Thanks for your response. Here are two scripts, please save them as script_1.py and script_2.py in the working directory. For this experiment, I’m using a model from huggingface, but the results are similar with my own segmentation model (nnU-Net).

# Save this as script_1.py

import torch
import numpy as np
import random
import requests
import pickle
import argparse

if __name__ == '__main__':

    parser = argparse.ArgumentParser()
    parser.add_argument("--result_filename", help="location to save the result prediction")

    args = parser.parse_args()
    
    # Set the seed for all random number generators
    seed = 42
    torch.manual_seed(seed)
    random.seed(seed)
    np.random.seed(seed)
    torch.cuda.manual_seed(seed)
    torch.cuda.manual_seed_all(seed)

    # Ensure deterministic behavior
    torch.backends.cudnn.deterministic = True
    torch.backends.cudnn.benchmark = False

    # Set CUBLAS workspace config to ensure deterministic cuBLAS
    import os
    os.environ["CUBLAS_WORKSPACE_CONFIG"] = ":4096:8"

    torch.use_deterministic_algorithms(True)
    torch.set_num_threads(1)

    # Download the file
    url = 'https://huggingface.co/spaces/Xajimel/Practica3/resolve/main/unet.pth'
    response = requests.get(url)
    with open('model.pt', 'wb') as f:
        f.write(response.content)

    model = torch.jit.load('model.pt')
    model = model.to(torch.device('cuda:0'))
    model = model.half()

    # Create a random array
    torch.manual_seed(0)
    random_arr = torch.randn(1, 3, 224, 224, dtype = torch.half).to(torch.device('cuda:0'))
    pred = model(random_arr).to(torch.device('cpu')).detach().numpy()

    with open(args.result_filename, 'wb') as f:
        pickle.dump(pred, f)

# Save this as script_2.py

import pickle
import numpy as np

with open('pred1.pkl', 'rb') as f:
    a = pickle.load(f)

with open('pred2.pkl', 'rb') as f:
    b = pickle.load(f)

print('Length of a: ', len(a))
print('Length of b: ', len(b))

print('Shape of first element in a: ', a[0].shape)
print('Shape of first element in b: ', b[0].shape)

diff = a[0] - b[0]

print('Min diff: ', np.min(diff))
print('Max diff: ', np.max(diff))

Run this with the following commands.

python script_1.py --result_filename pred1.pkl
python script_1.py --result_filename pred2.pkl
python script_2.py

Something I found interesting was that if I change the url in script_1.py to a different model (say this one), I see no differences in the prediction.

I wonder if the issue then is non-determinism in some layers in the nnU-Net model or the way I’m saving the model.
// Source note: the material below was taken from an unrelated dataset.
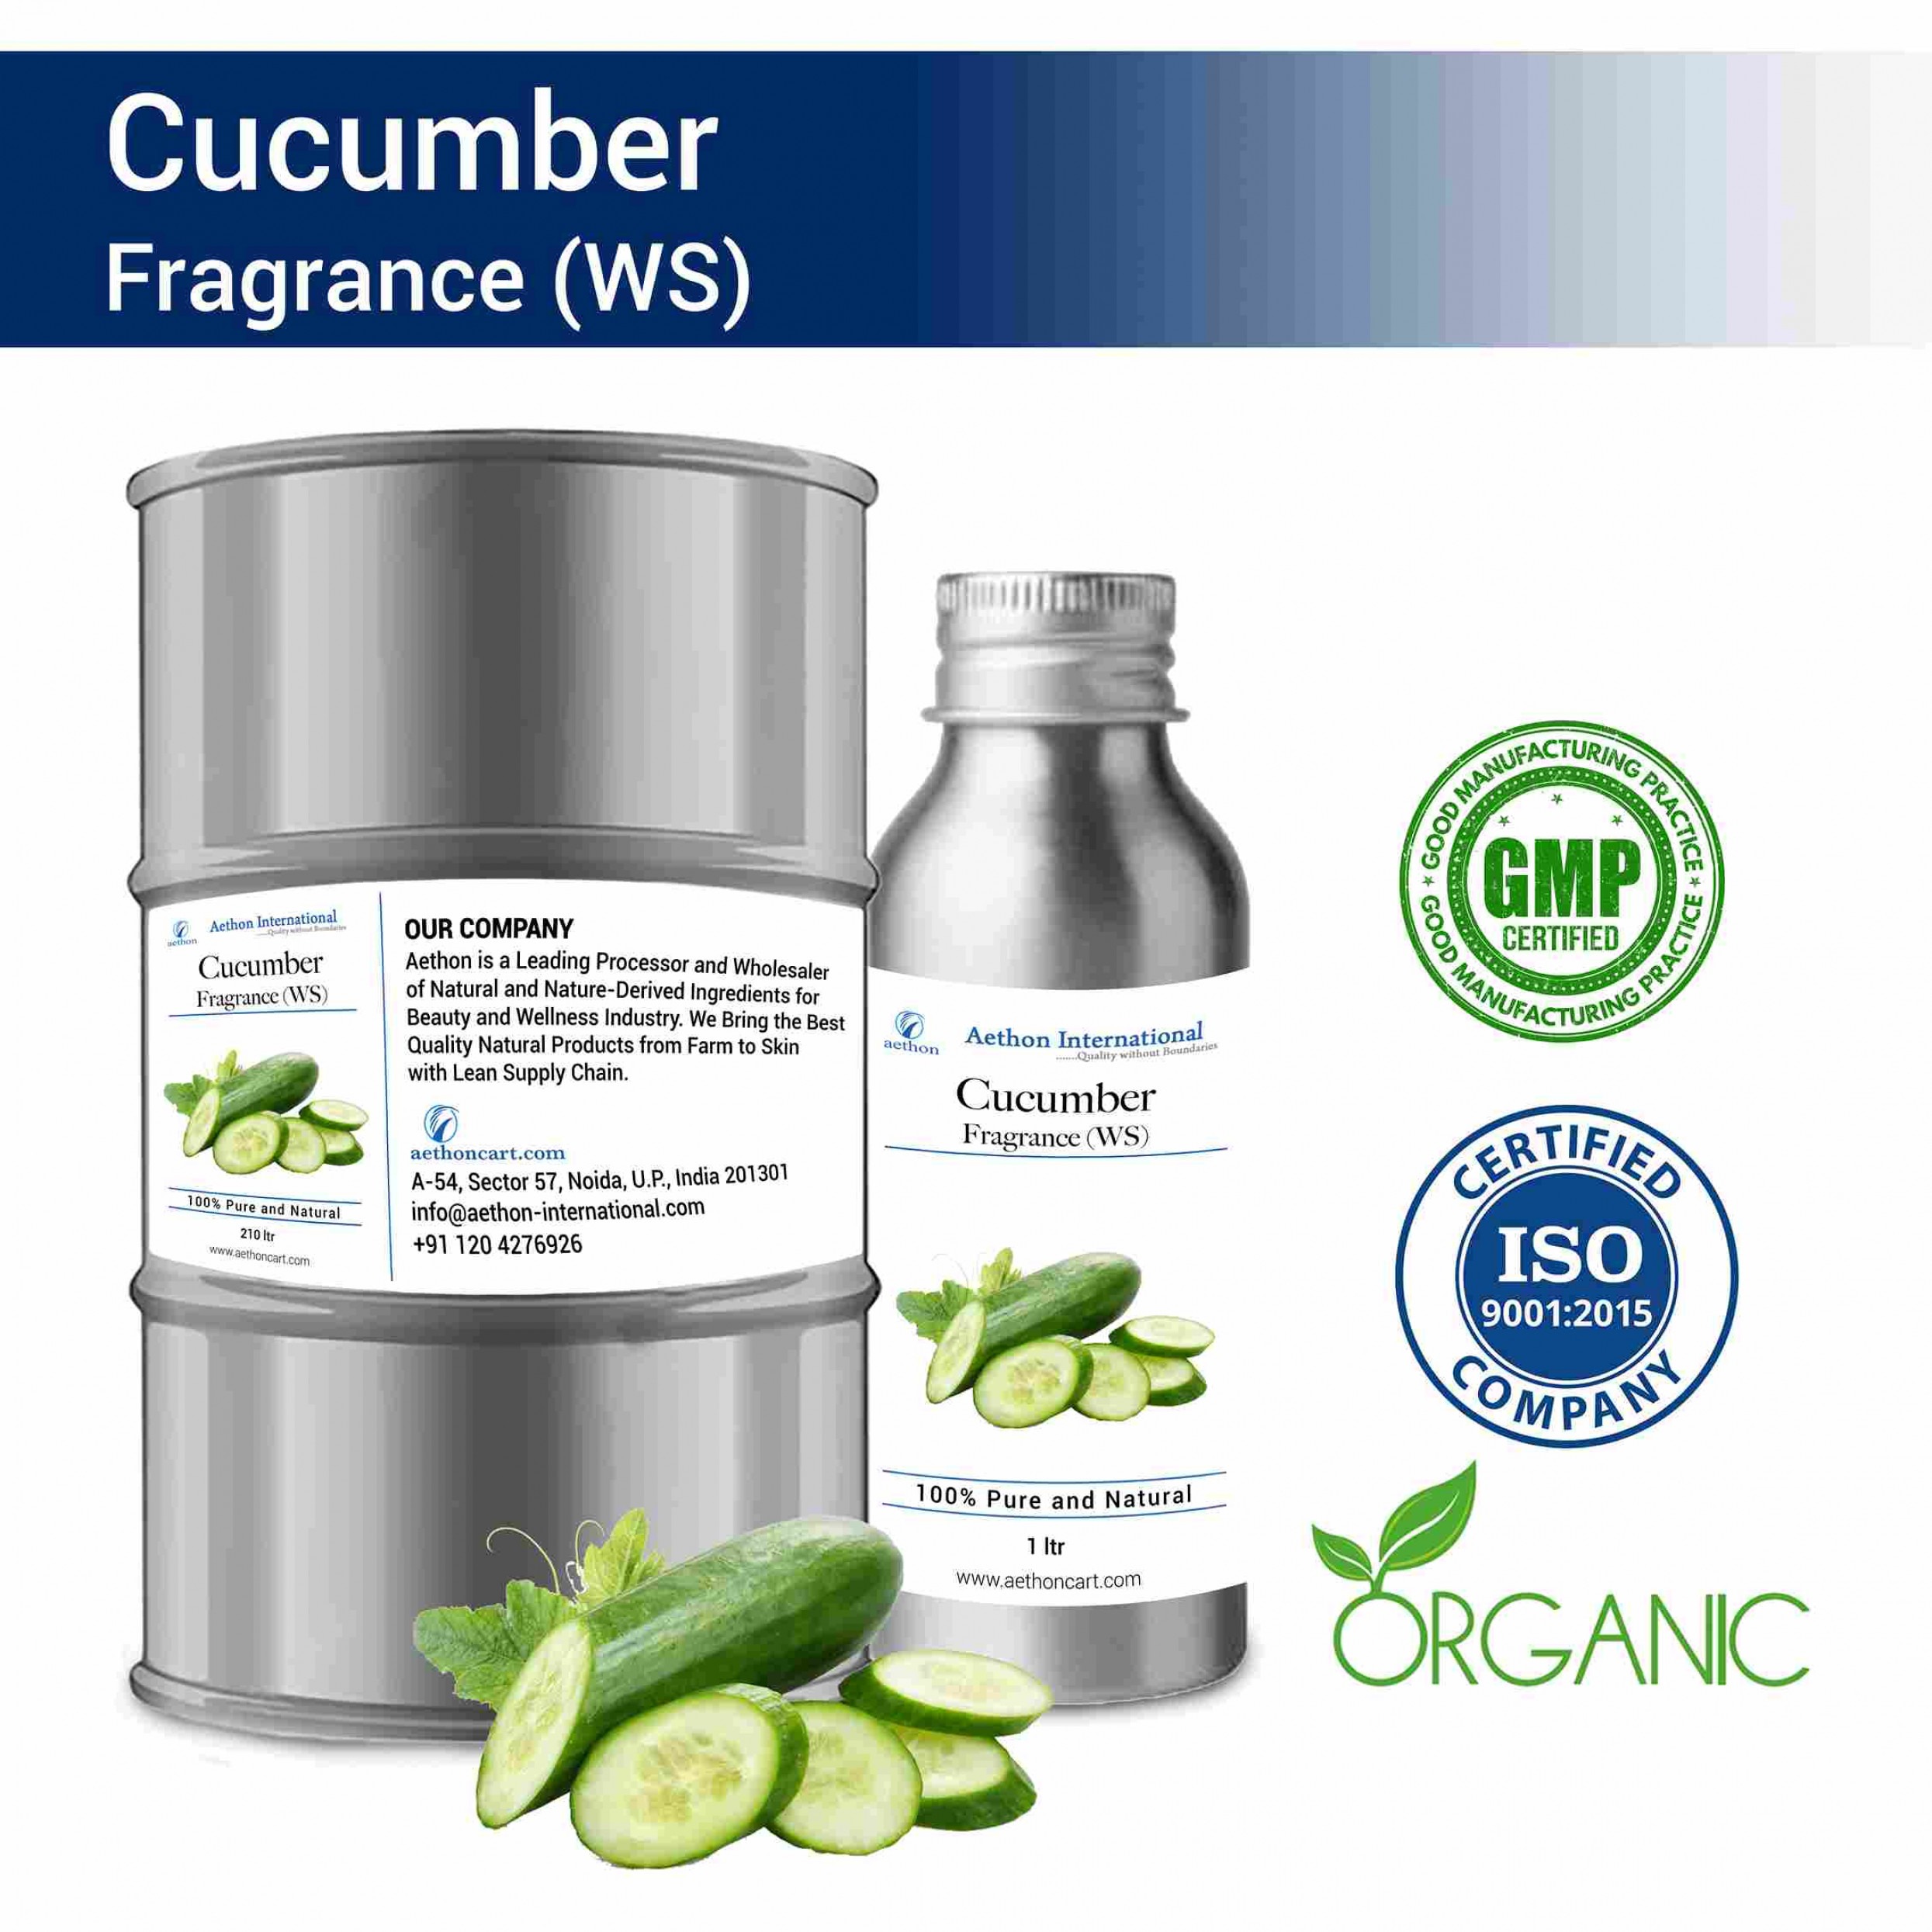 Cucumber Fragrance (WS)

This is how I save the model.

self.network = self.network.to(self.device)
self.network.eval()
torch.use_deterministic_algorithms(True)
traced_model = torch.jit.trace(self.network, torch.randn(1, 1, 224, 224, 224).to(self.device))
torch.jit.save(traced_model, 'model.pt')

Let me know what you think or if you need some more info. Thanks!

ptrblck · August 14, 2024, 7:10pm

I cannot reproduce the issue and see:

Length of a:  1
Length of b:  1
Shape of first element in a:  (5, 224, 224)
Shape of first element in b:  (5, 224, 224)
Min diff:  0.0
Max diff:  0.0

ck92 · August 14, 2024, 7:34pm

This is what I see. I’m on torch 2.3.0+cu121 if that helps.

Length of a:  1
Length of b:  1
Shape of first element in a:  (5, 224, 224)
Shape of first element in b:  (5, 224, 224)
Min diff:  -0.01563
Max diff:  0.01172

ck92 · August 15, 2024, 3:33am

@ptrblck On the machine that I was initially testing on, I see the issue on torch 2.3.0+cu121 and torch 2.4.0+cu121. On another machine, I don’t see the issue in either versions. These machines have different GPUs (earlier: A40, now: RTX 3050 Ti).

Could the underlying GPU make a difference?

chris.rapson · December 23, 2024, 1:52am

The problem with reproducibility for nnunet has been observed before

At this stage, I am not aware of a solution.